* [WORK TO BE COMPLETED]
Taking the data below, please print only the lines from the line holding "Motul Professional Diesel" to the line holding "GOTHIC RUNES - GLOW", inclusive, with pictures omitted.
*** Opening of EXCERPTED DATA ***
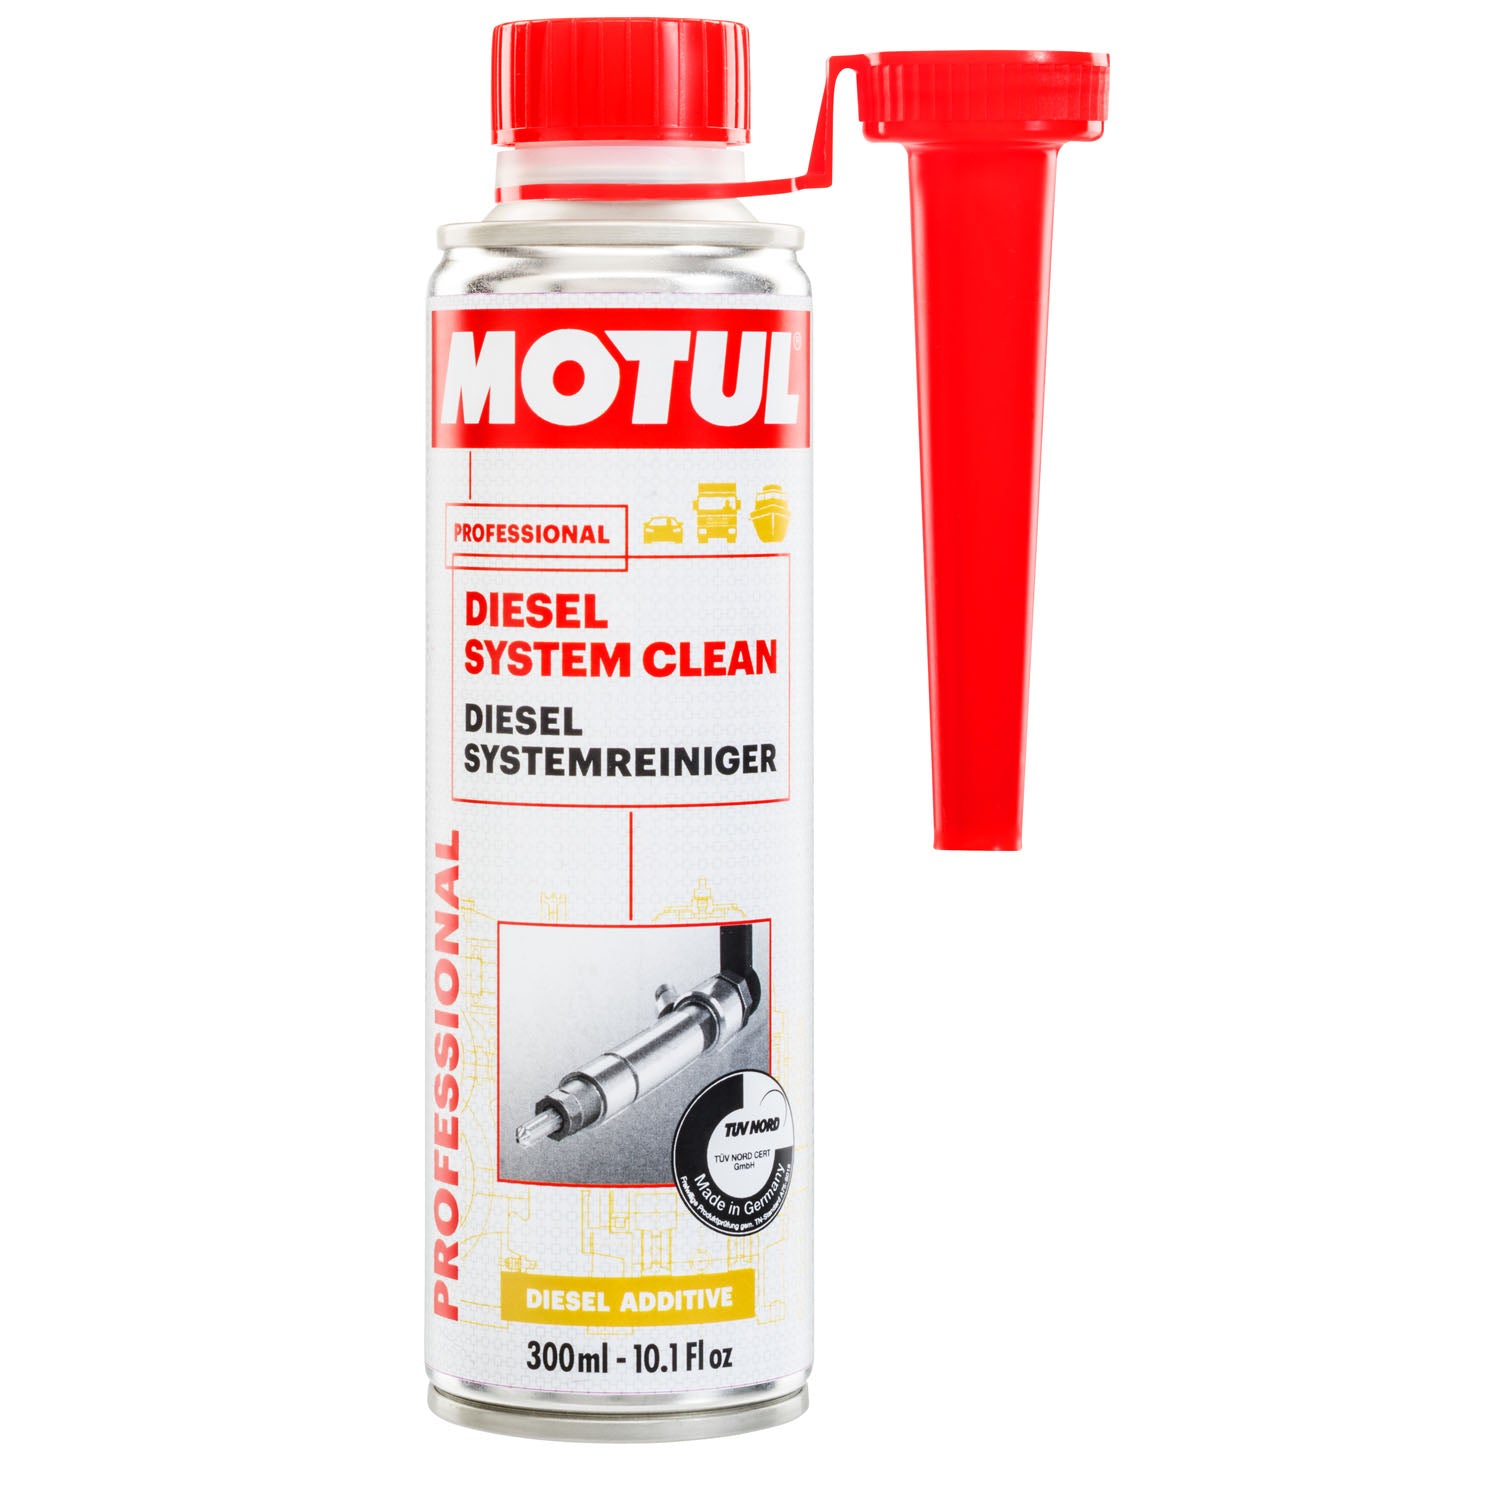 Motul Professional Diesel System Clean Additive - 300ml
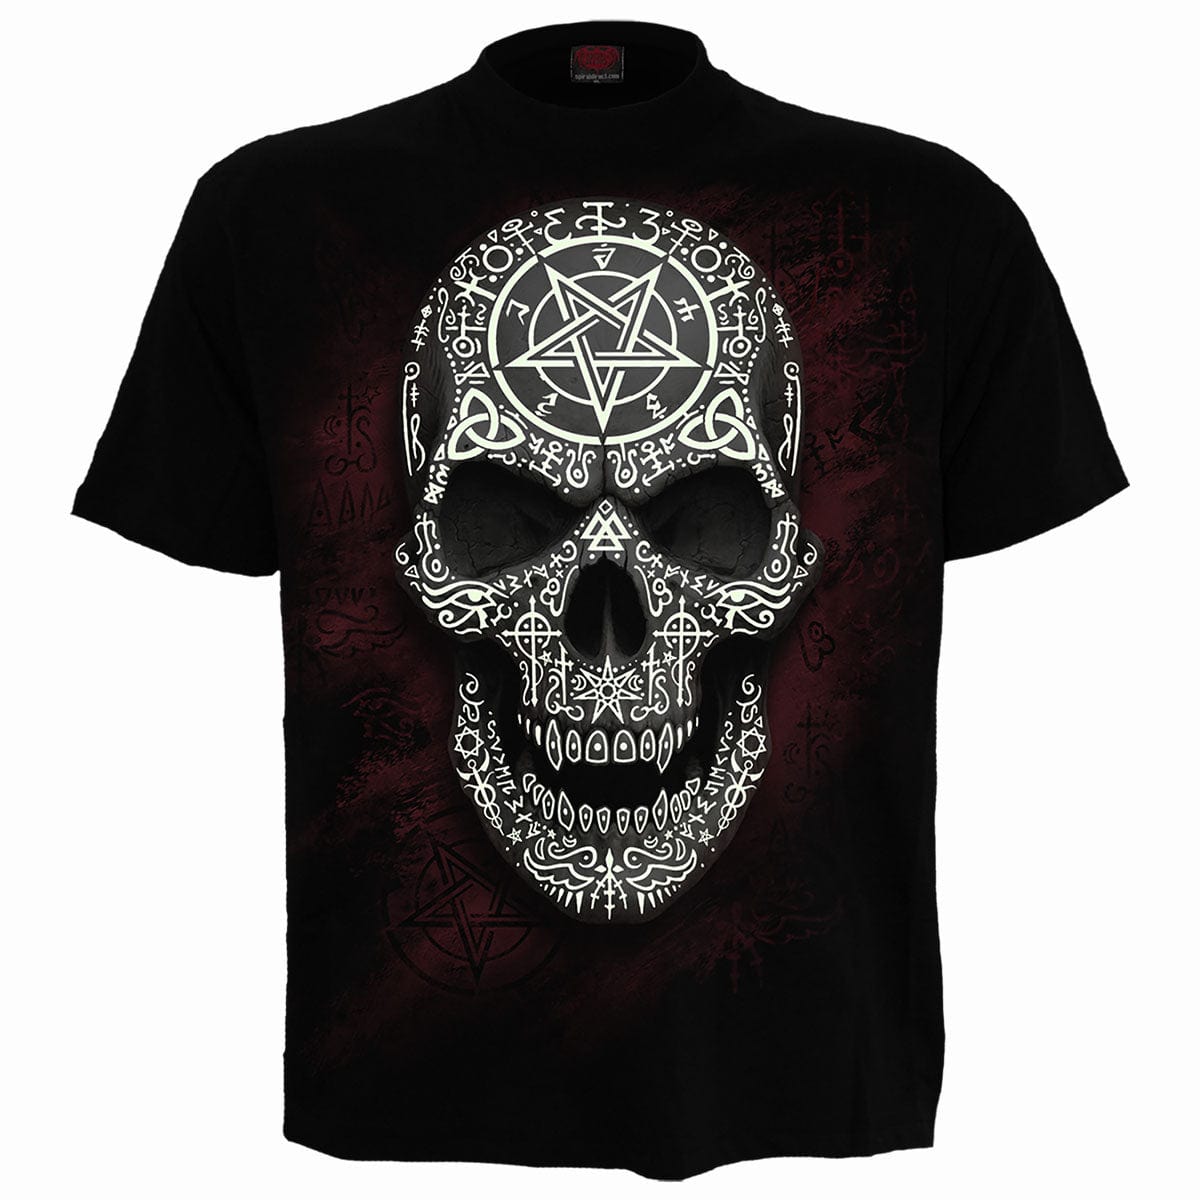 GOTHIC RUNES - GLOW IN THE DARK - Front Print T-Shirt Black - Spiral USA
*** Close of EXCERPTED DATA ***
*** Opening of EXCERPTED DATA ***
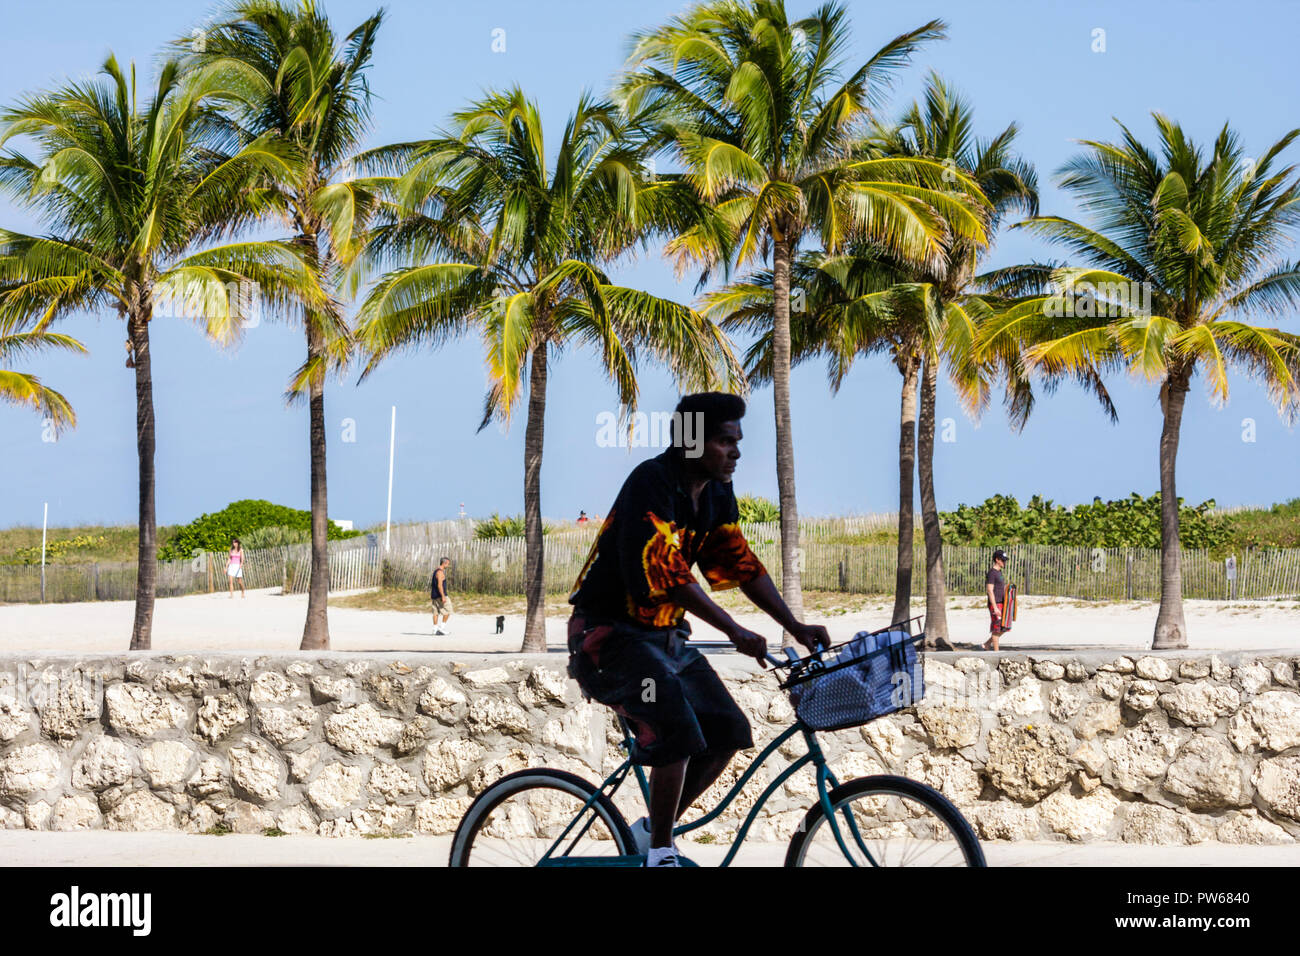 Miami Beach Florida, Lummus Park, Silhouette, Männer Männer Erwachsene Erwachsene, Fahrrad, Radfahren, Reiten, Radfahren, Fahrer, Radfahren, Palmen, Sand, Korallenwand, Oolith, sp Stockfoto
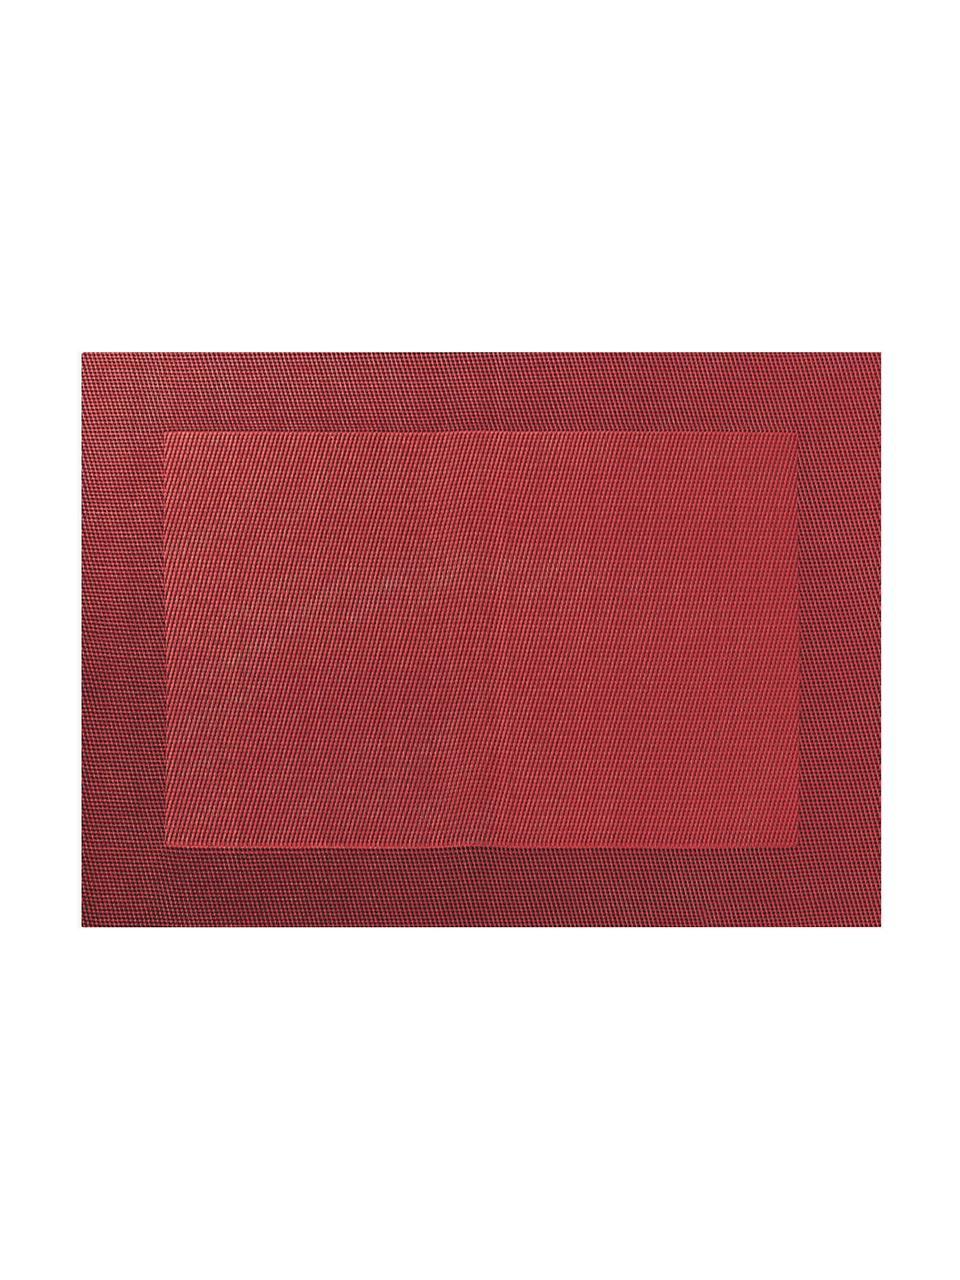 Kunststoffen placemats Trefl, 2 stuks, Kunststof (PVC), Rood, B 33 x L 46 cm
*** Close of EXCERPTED DATA ***
*** Opening of EXCERPTED DATA ***
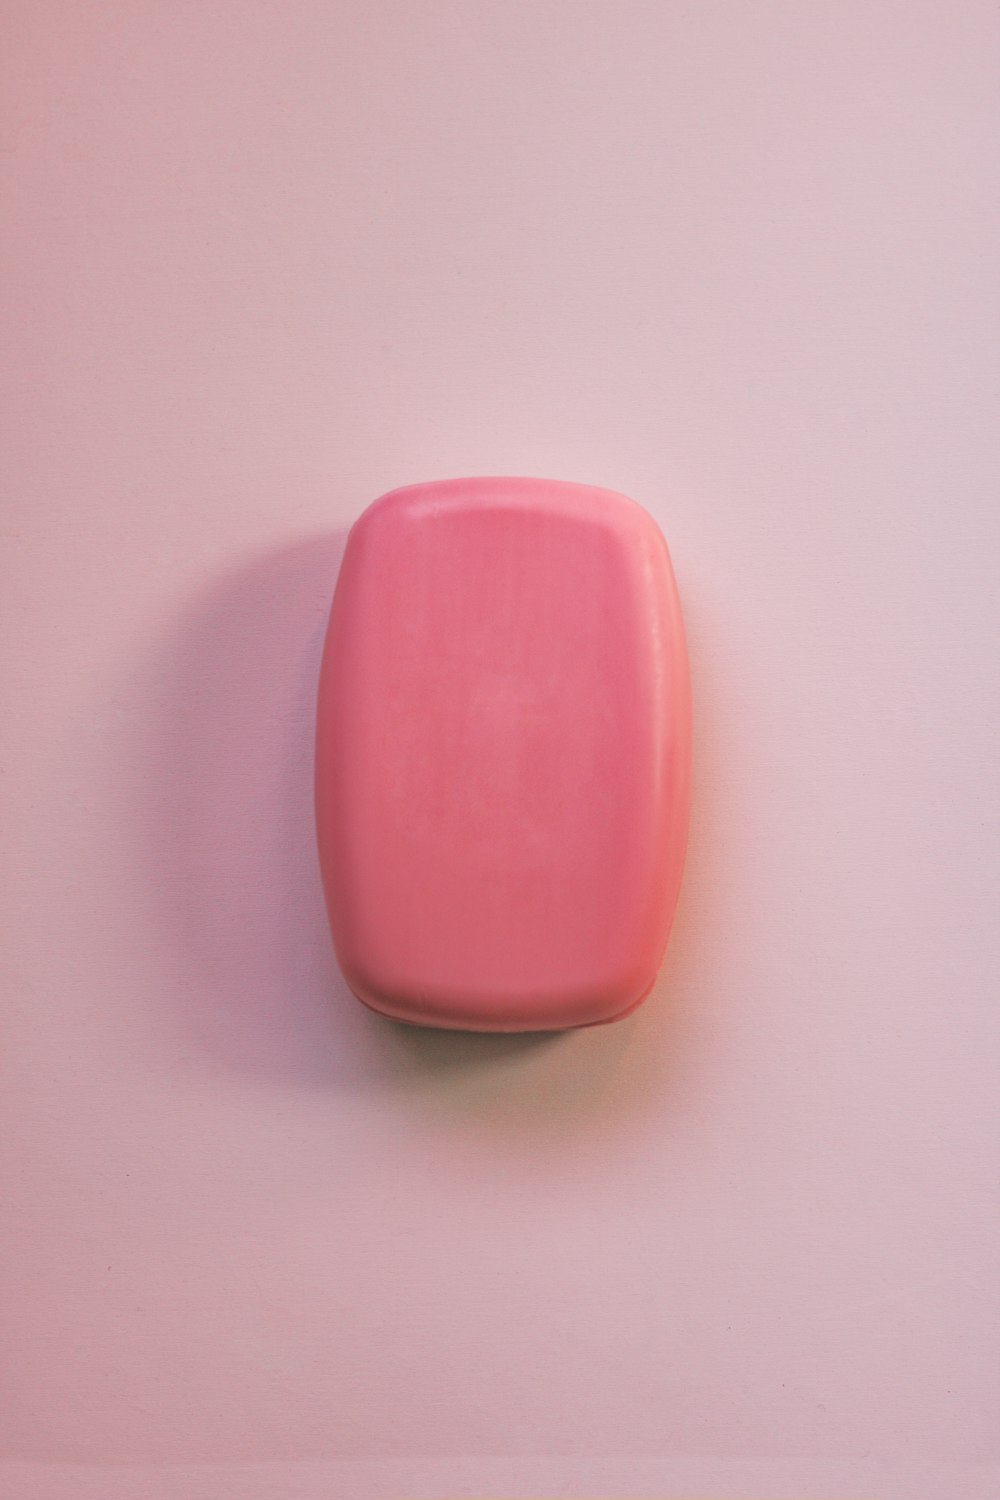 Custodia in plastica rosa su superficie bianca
*** Close of EXCERPTED DATA ***
* [TASK OUTPUT]
 Motul Professional Diesel System Clean Additive - 300ml
 GOTHIC RUNES - GLOW IN THE DARK - Front Print T-Shirt Black - Spiral USA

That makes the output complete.